For quite sometime, I was rather puzzled by this. It seems like many Christians are only concerned about their own personal needs, and those of their immediate community. Some do better by going beyond their own immediate self and praying for the needs of their church. Others step beyond the church and pray for the government.

But is that enough?

I personally find it a travesty when I am there kneeling by my bed and praying for good grades when an old auntie is collecting cardboard boxes for sale downstairs. I am disturbed that here I am praying for prosperity when child prostitution and poverty is rampant in Cambodia. Once again, I am not dissing the idea of praying for our own needs, but perhaps it's time we rediscover the true purpose of prayer again.

Therefore, it came as a pleasant surprise for me that as I reread the Lord's Prayer, I was struck by something that was at first not apparent to me. The Lord's Prayer (which was taught by Jesus as a model prayer to be emulated) was never meant to be an individualistic, self-serving prayer in the first place.
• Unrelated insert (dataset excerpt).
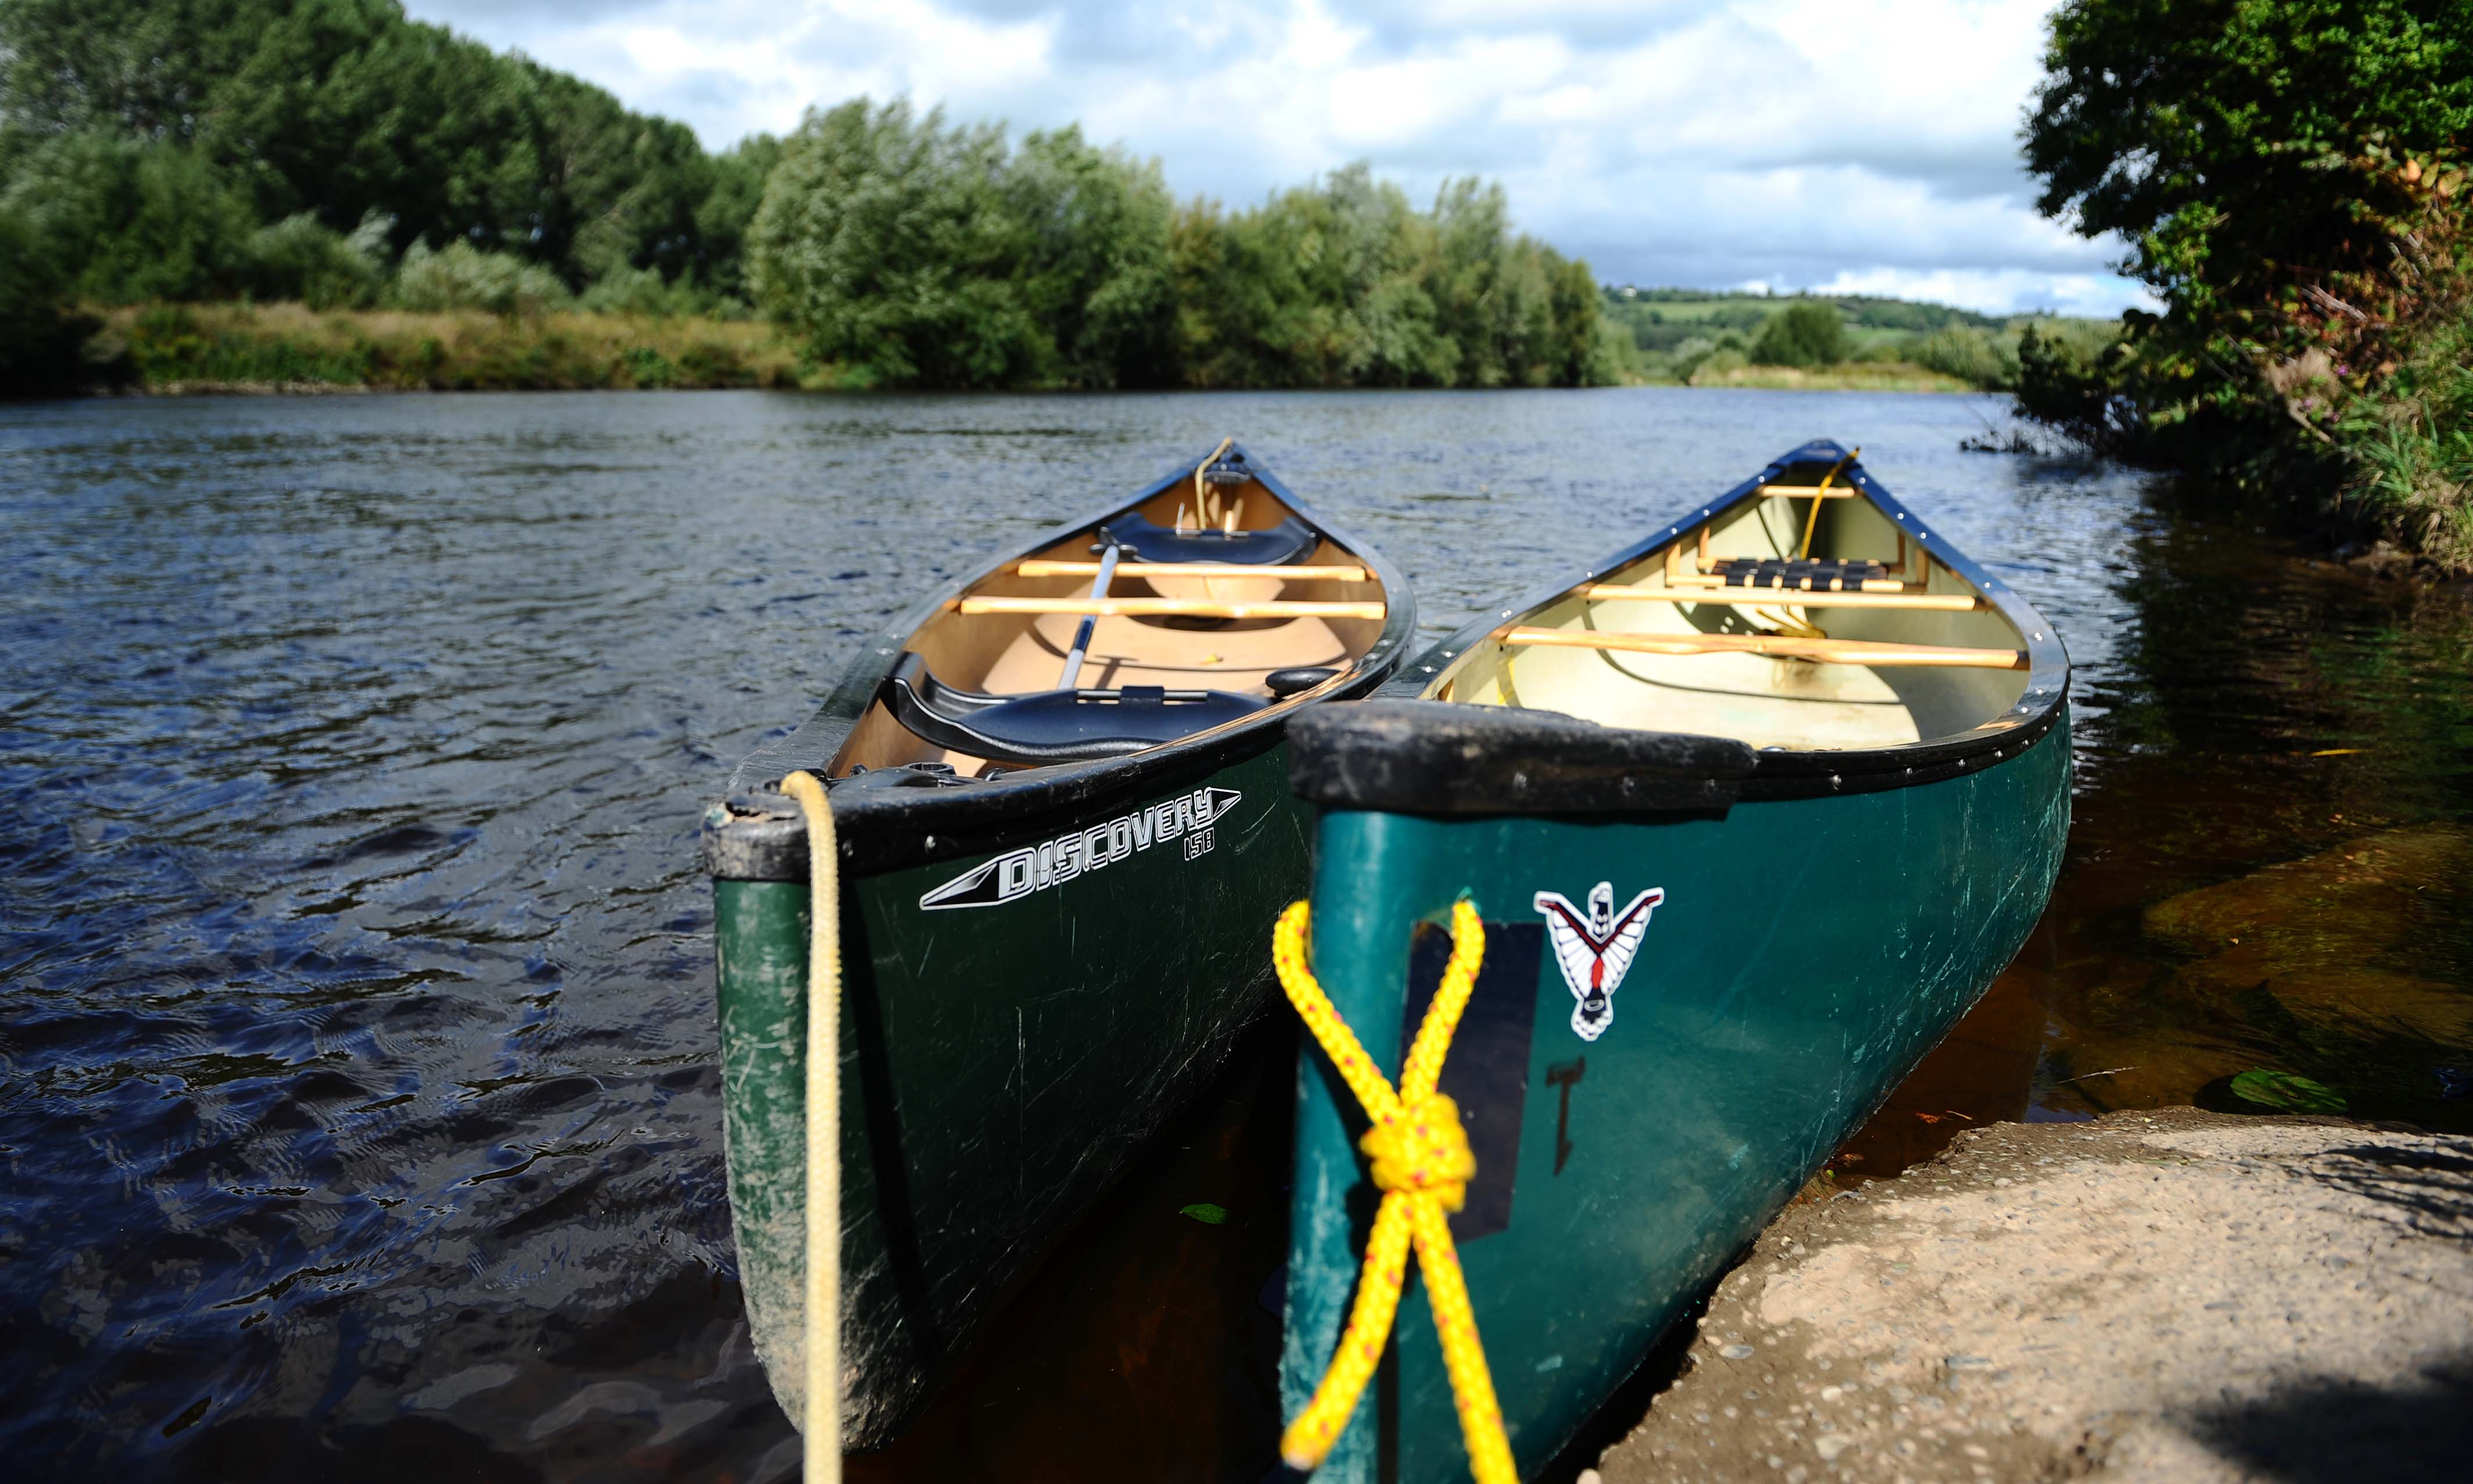 Plan a canoe trip

Notice how the Prayer begins with "our father in heaven," instead of "my father in heaven". If you don't think this is significant, let's do another contrast. In Matthew 6:11 it says: "Give us this day our daily bread," instead of "give me this day my daily bread." Once again, notice the use of plural nouns rather than singular.
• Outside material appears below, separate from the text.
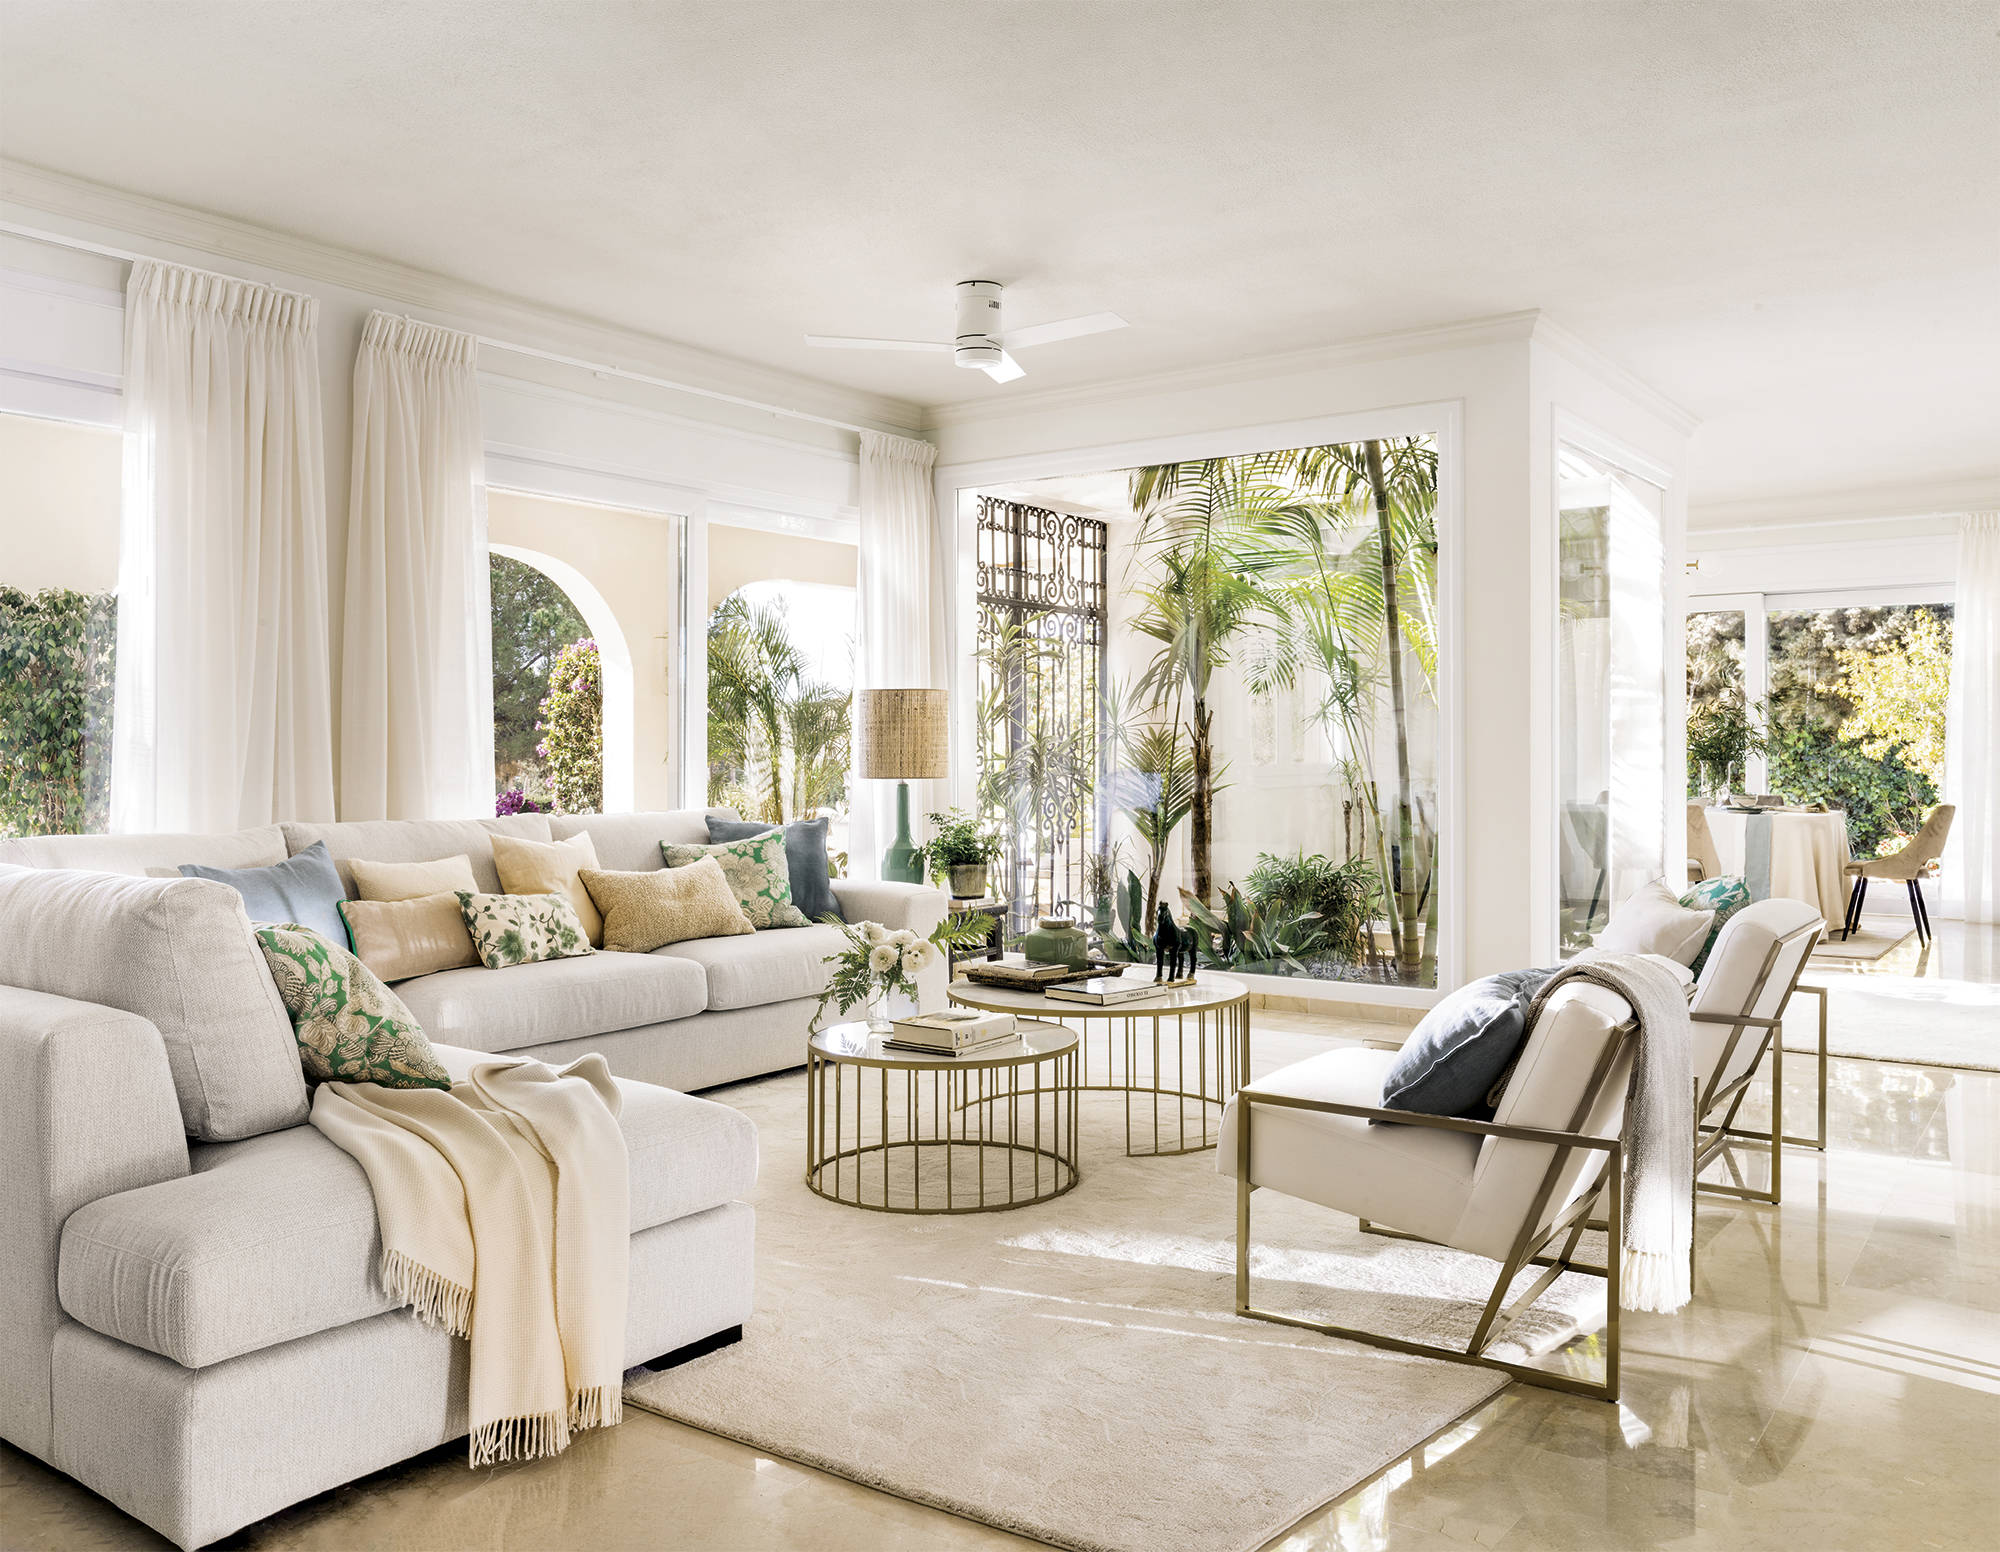 Salón blanco elegante con sofá rinconera, detalles dorados y patio interior

Prayer, it seems, involves not just the individual, but the entire community that is the family, the church and the nation. And considering how the world has globalised and become even more interconnected since Judeo-Christian times, perhaps it's time we incorporate global concerns like climate change and poverty in other countries into our own prayer diet.

After all, as recent events have shown, a financial crisis that started in the other side of the globe can have a cascading effect on the Singapore economy. A terrorist act that led to the collapse of the twin towers in New York eight years ago can embolden terrorists to strike in Singapore as well.

If guided by the right values and principles, prayer can be a powerful force that binds people together towards achieving positive change. For potential beauty queens out there, wishing for world peace might not sound so cheesy after all.